Type 1 Diabetes occurs when the pancreas fails to produce an adequate amount of insulin, resulting in high blood sugar levels. Someone who has type 1 diabetes must take insulin to live. Type 1 diabetes accounts for only about 5-10% of the cases of diabetes. It most often develops in children or young adults.
Type 2 Diabetes occurs when the cells become resistant to insulin and are unable to properly use the insulin that is produced. It is the most common type of diabetes and is associated with older age, obesity, sedentary lifestyle, family history of diabetes, history of metabolic syndrome or gestational diabetes. Type 2 diabetes may go undiagnosed because the symptoms of fatigue, nausea, unusual thirst, frequent urination or the slow healing of wounds can develop gradually, or there may be no symptoms at all.
Gestational Diabetes develops in 4% of all pregnancies. The hormonal changes that take place during pregnancy require the pancreas to secrete about three times the normal amount of insulin. If the pancreas is not able to produce the additional insulin, or if the cells become resistant to the insulin that is produced, blood sugar levels rise. Blood sugar levels usually return to normal within a few weeks after delivery, but women with gestational diabetes have a 60% chance of developing diabetes later in life.
Pre-Diabetes occurs when blood glucose levels are higher than normal but not high enough for a diagnosis of type 2 diabetes.
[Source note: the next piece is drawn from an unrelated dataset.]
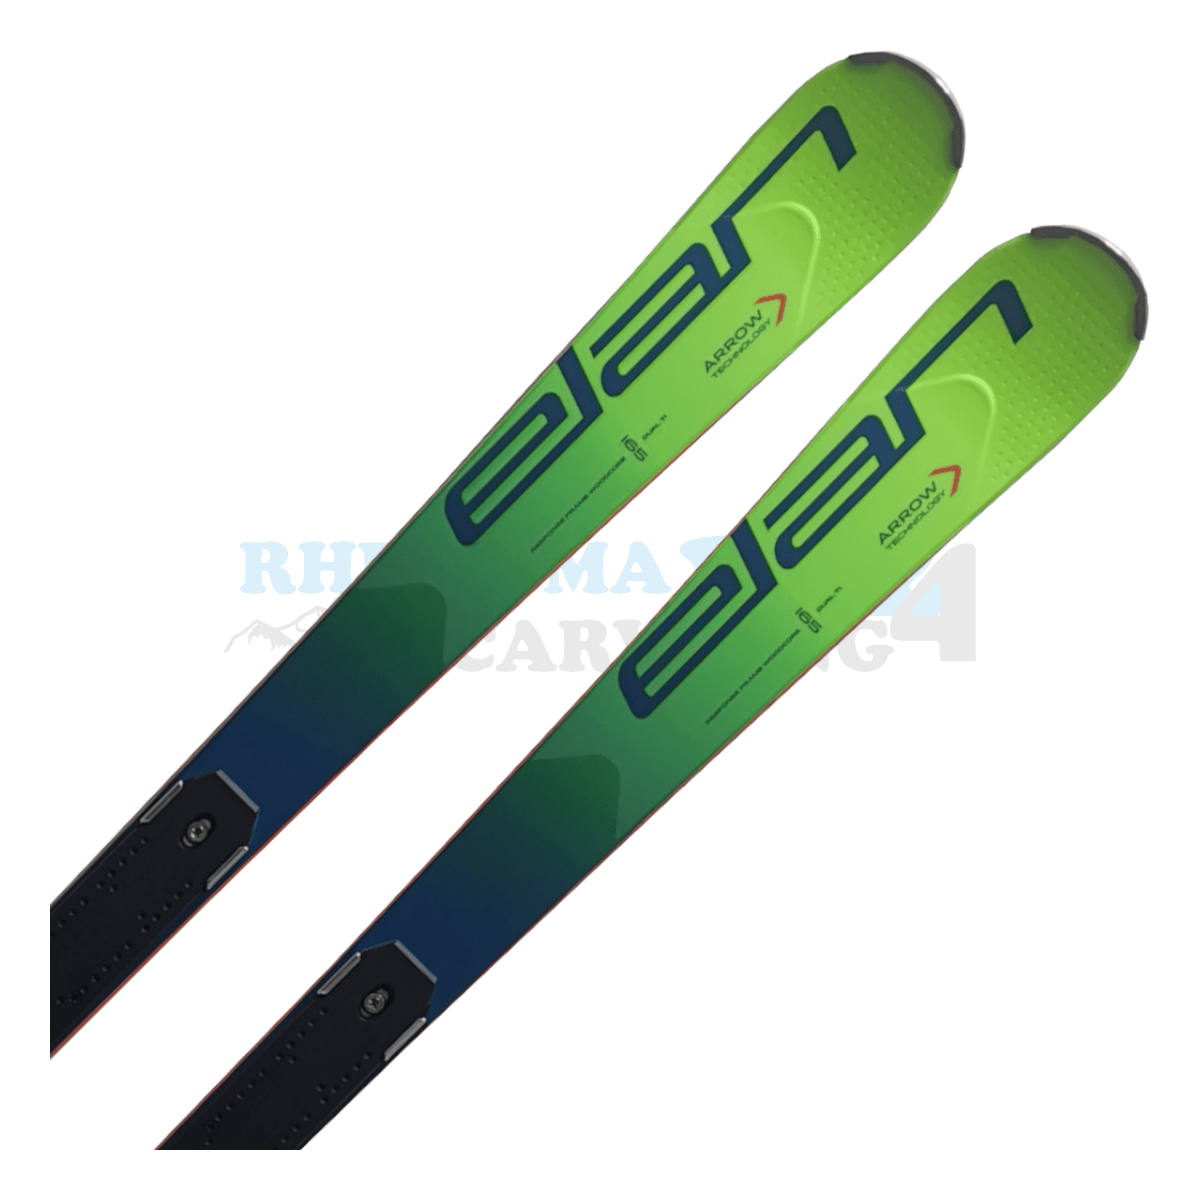 Elan SLX Worldcup FIS Ski mit der Rennplatte, der Ski ist aus dem Jahr 2020, der Ski ist in der Farbe grün, die Ansicht des oberen Teils des Skis

There are twice as many Americans who have pre-diabetes than diabetes.
Metabolic Syndrome increases the risk for type 2 diabetes and cardiovascular disease. It is characterized by obesity in the middle section of the body, insulin resistance, often high triglyceride levels in the blood, low HDL (good) cholesterol, high blood pressure, polycystic ovary disease, and impaired glucose tolerance.